I Spent a Week Asking AI to Assess Media Bias for Israel-Palestine.

7 min readNov 18, 2023

Introduction

The Israeli-Palestinian conflict is one of the most divisive and controversial issues in the world today. However, with so much misinformation and bias in reporting on the conflict, it can be challenging for news consumers to identify truly objective sources.

This article delves into an exploratory exercise performed using OpenAI’s language model GPT-4 to gauge media bias when reporting on this complex geopolitical issue. Utilizing a customized variation of the renowned Ad Fontes Media Bias Chart, this study probes how AI can provide valuable insights into alignment and reliability when assessing publications covering Israel-Palestine affairs.

The resulting Media Bias Chart shows data points generated over multiple iterations with GPT-4, plotted with chart.js, and labeled with further aesthetic touch-ups in Adobe Photoshop.

Direct image download.

The Challenge of Evaluating Media Bias

Media bias, or the perceived slant in journalism and mass communication, has long been a topic of contention. Academics have devoted substantial research to understanding how bias manifests in news coverage and impacts public opinion. But empirically measuring and visualizing media bias remains an imperfect science.

One arena that frequently finds itself under scrutiny is reporting on Israel-Palestine. The complex historical, religious, and socio-political dynamics make objective coverage inherently difficult.

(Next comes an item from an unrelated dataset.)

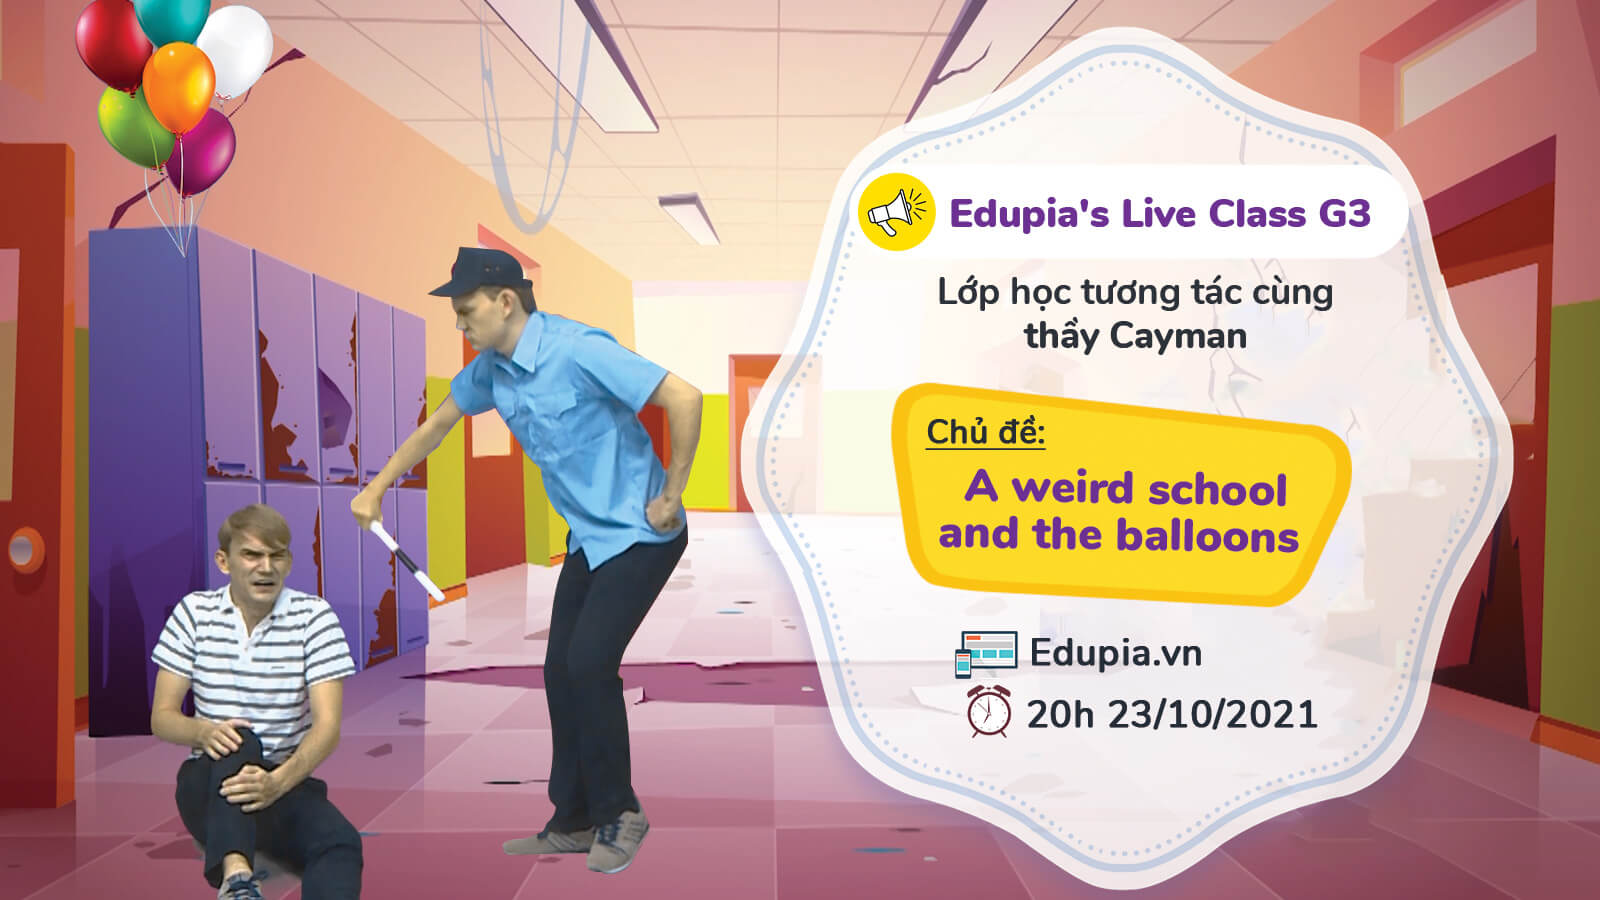 A weird school and the balloons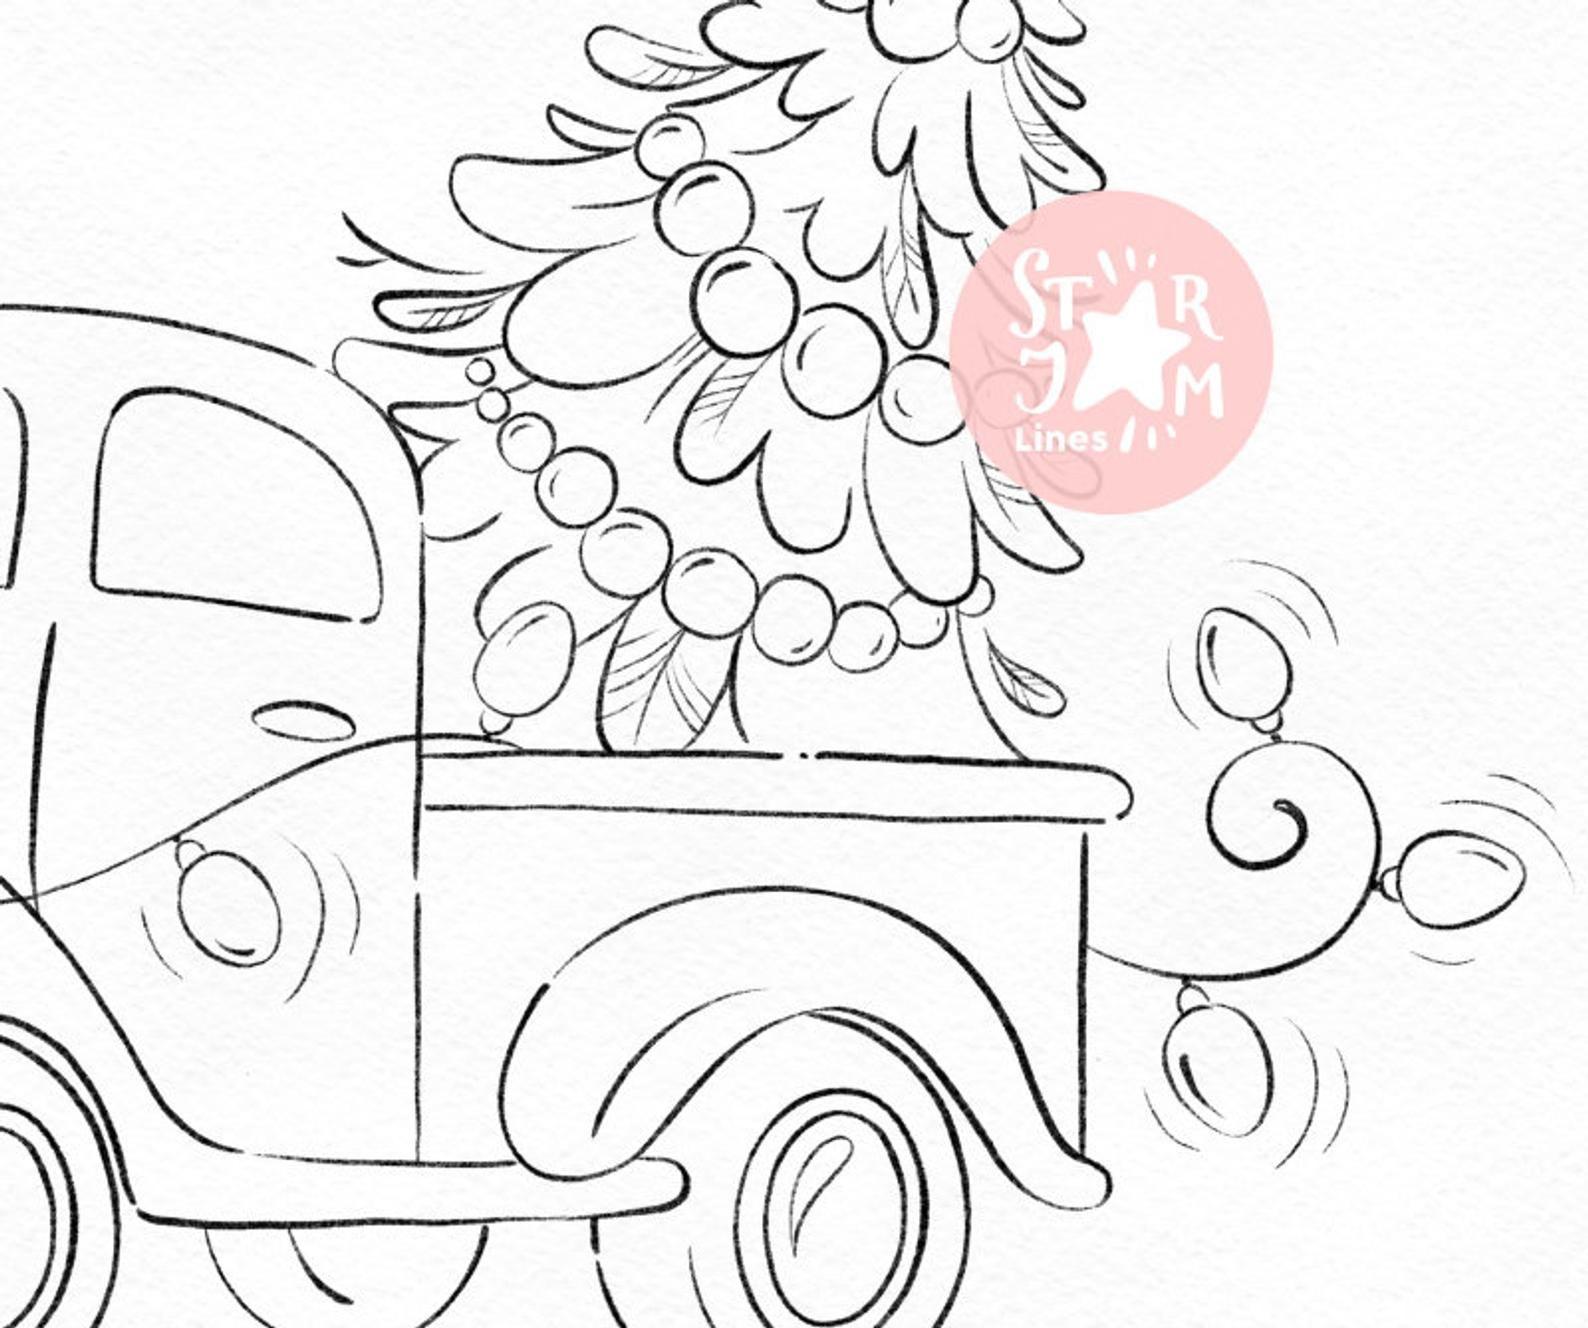 30 StarJam Line Drawings ideas  digi stamp, drawing artwork

When paired with the objective scarcity of authoritative Palestinian media outlets, pronounced imbalances emerge in narratives reaching global audiences.

This exploratory study utilizes artificial intelligence to critically examine bias tendencies in a diverse sample of English-language news and advocacy groups covering issues in the Southern Levant. By leveraging the pattern recognition and text analysis capabilities in advanced learning language models, this project aims to probe how machine learning technologies might enhance our understanding of bias in media ecosystems.

A version of the static Ad Fontes Media Bias Chart used as reference (source). All images © 2016–2023 Ad Fontes Media.

Adapting the Ad Fontes Media Bias Chart

To visualize variations in bias and reporting quality, this study employs a customized variant of the renowned Ad Fontes Media Bias Chart as a framework (shown above). The Ad Fontes chart succinctly maps media outlets across a spectrum from “Original Fact Reporting” to “Misinformation,” with positioning on the X-axis indicating partisan leanings from “Extreme Left” to “Extreme Right.”

For assessing bias in Israel-Palestine coverage specifically, the X-axis parameter was adapted to represent alignment towards Palestinians on the left and Israelis on the right. The scale spanned from 1 to 7, with 1 indicating extreme pro-Palestinian alignment and 7 denoting extreme pro-Israel sympathies. A rating of 4 represents neutral, which is represented in the visualization as 0.0 as the center axis of a bipolar Likert scale.

The Y-axis “Reliability” parameter from the original Ad Fontes chart was retained to measure each outlet’s factuality, accuracy, and thoroughness, labeled with the shorthand “Quality.” Scores ranged from 1 to 8, with 1 representing low-quality reporting and 8 indicating highly reliable original journalism with rigorous standards.

Diverse Publications Under AI Review

The list of media sources analyzed comprised roughly 40 diverse publications and organizations with global reach, including major outlets like The Guardian and The Wall Street Journal, alongside alternative platforms such as Mondoweiss and Electronic Intifada known for their pro-Palestinian perspectives.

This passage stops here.